Dataset excerpt: Begin

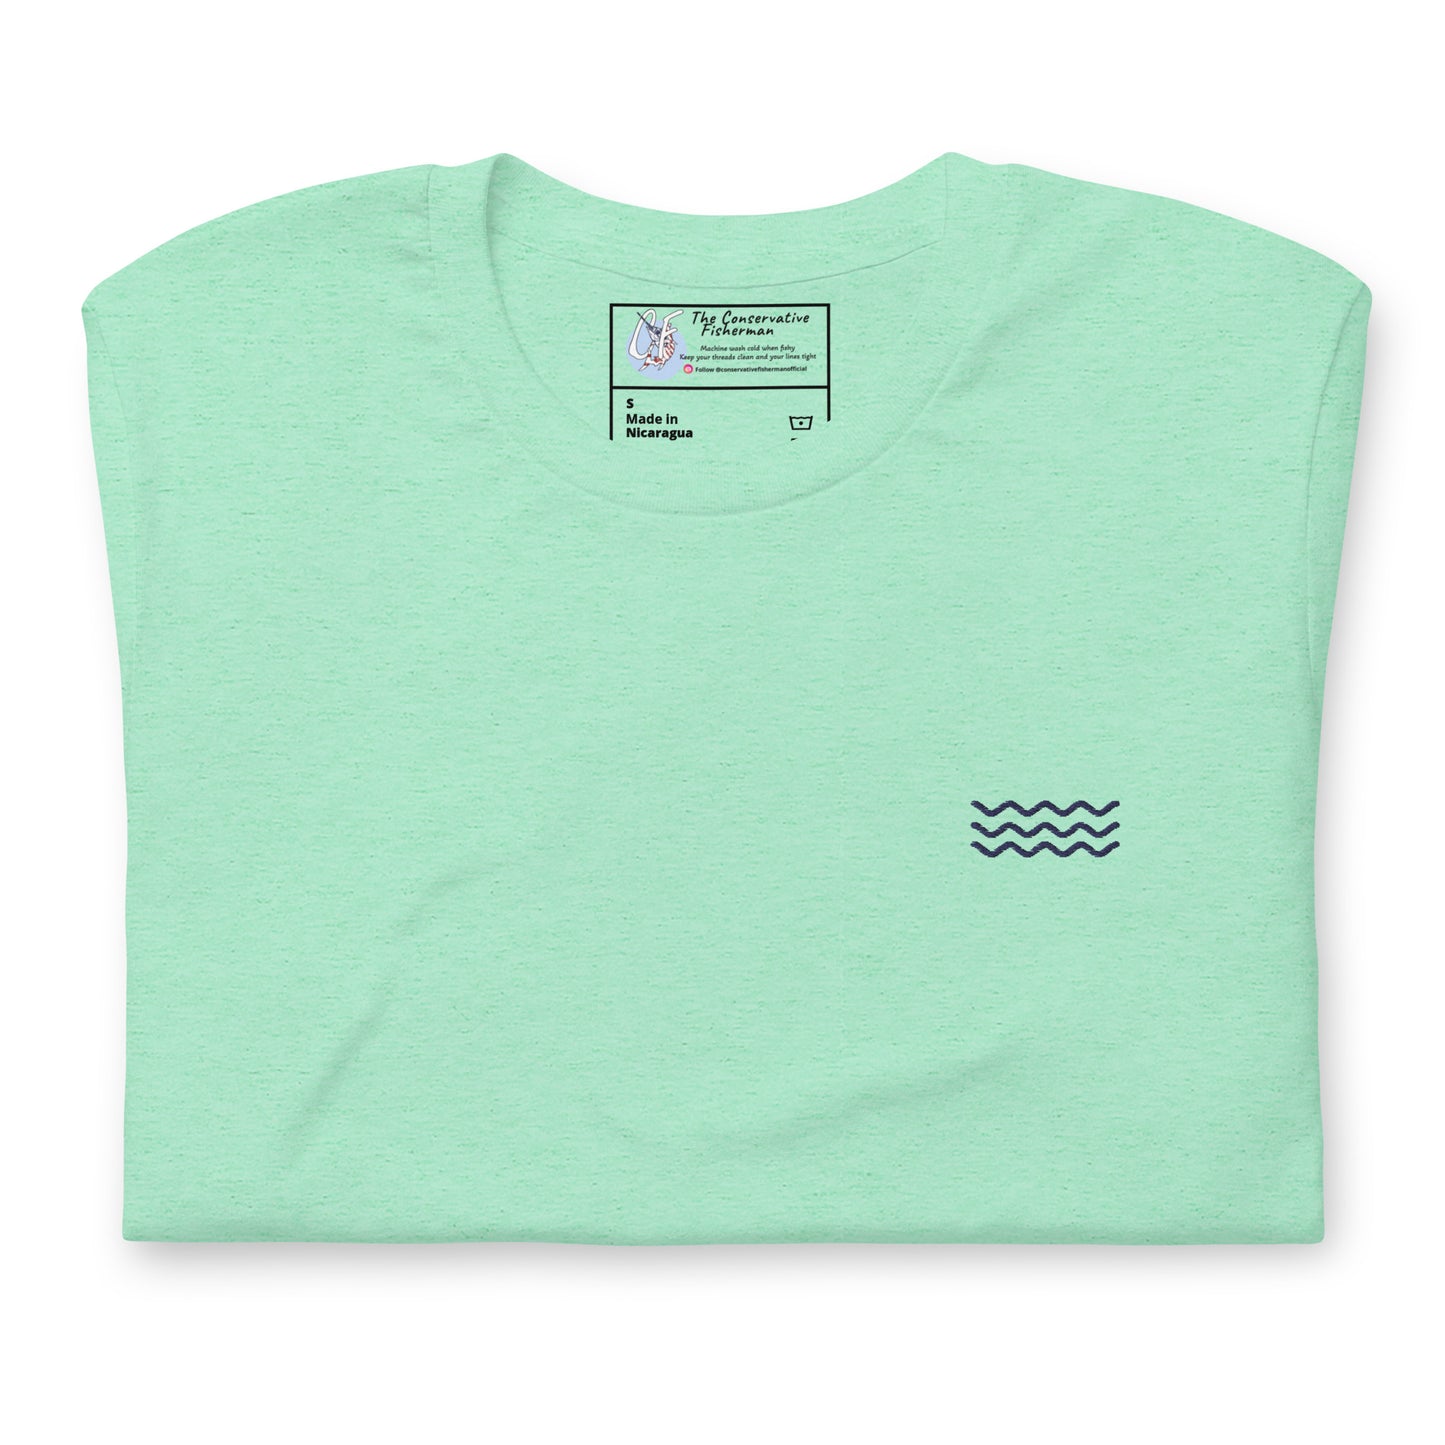 'Ocean Waves' Premium Embroidered Shirt
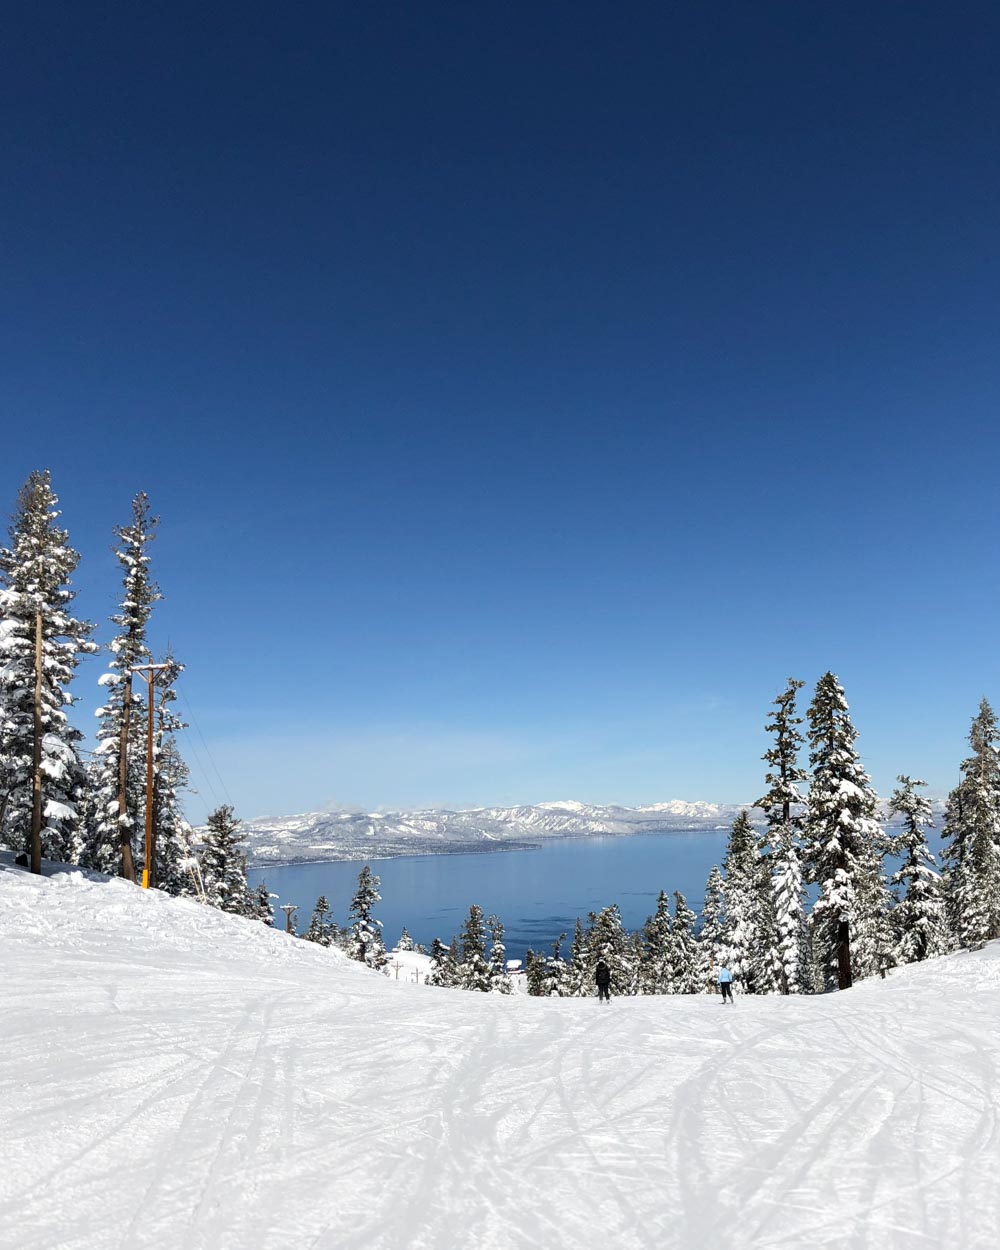 Snowy ski slopes at Heavenly Mountain Resort in Lake Tahoe
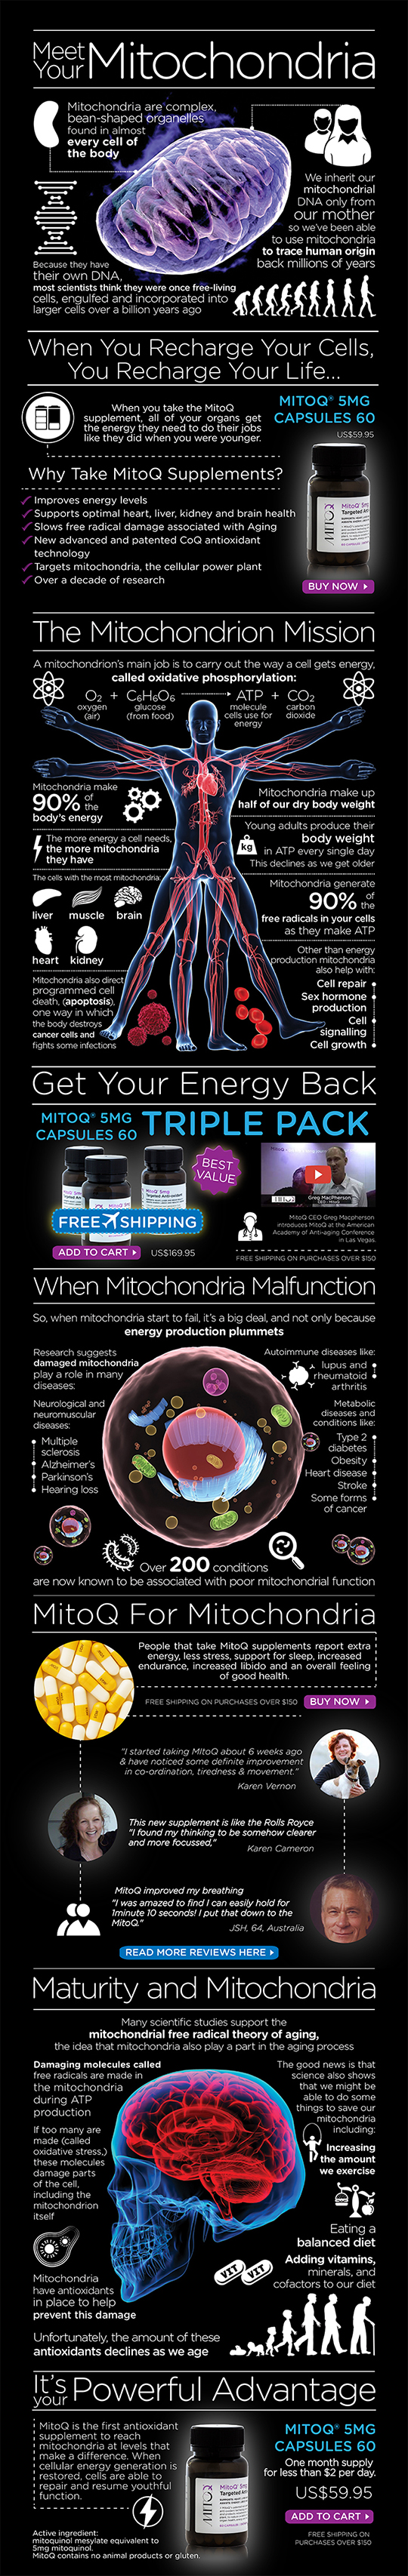 Infographic on Mitochondria
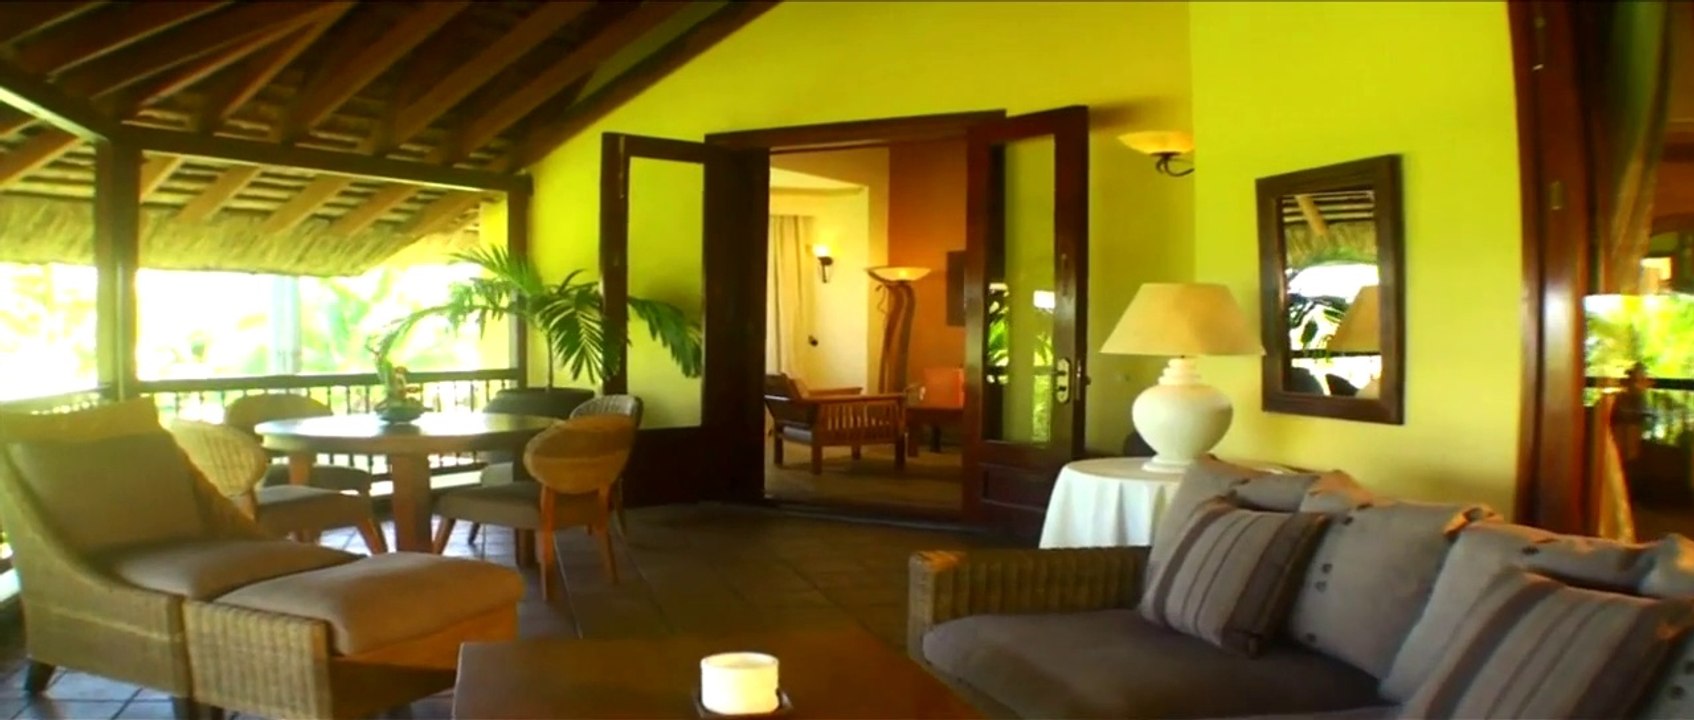 Luxushotel Strandhotel Traumurlaub  Dinarobin Hotel Golf & Spa - Mauritius - Club Family Suite

Dataset excerpt: End

» **Exercise instructions**: Which lines run from the one containing "Snowy ski slopes" to the end of the data above? Set down those lines exactly, and only those, without any pictures.

» **Response to the task**:
 Snowy ski slopes at Heavenly Mountain Resort in Lake Tahoe
 Infographic on Mitochondria
 Luxushotel Strandhotel Traumurlaub  Dinarobin Hotel Golf & Spa - Mauritius - Club Family Suite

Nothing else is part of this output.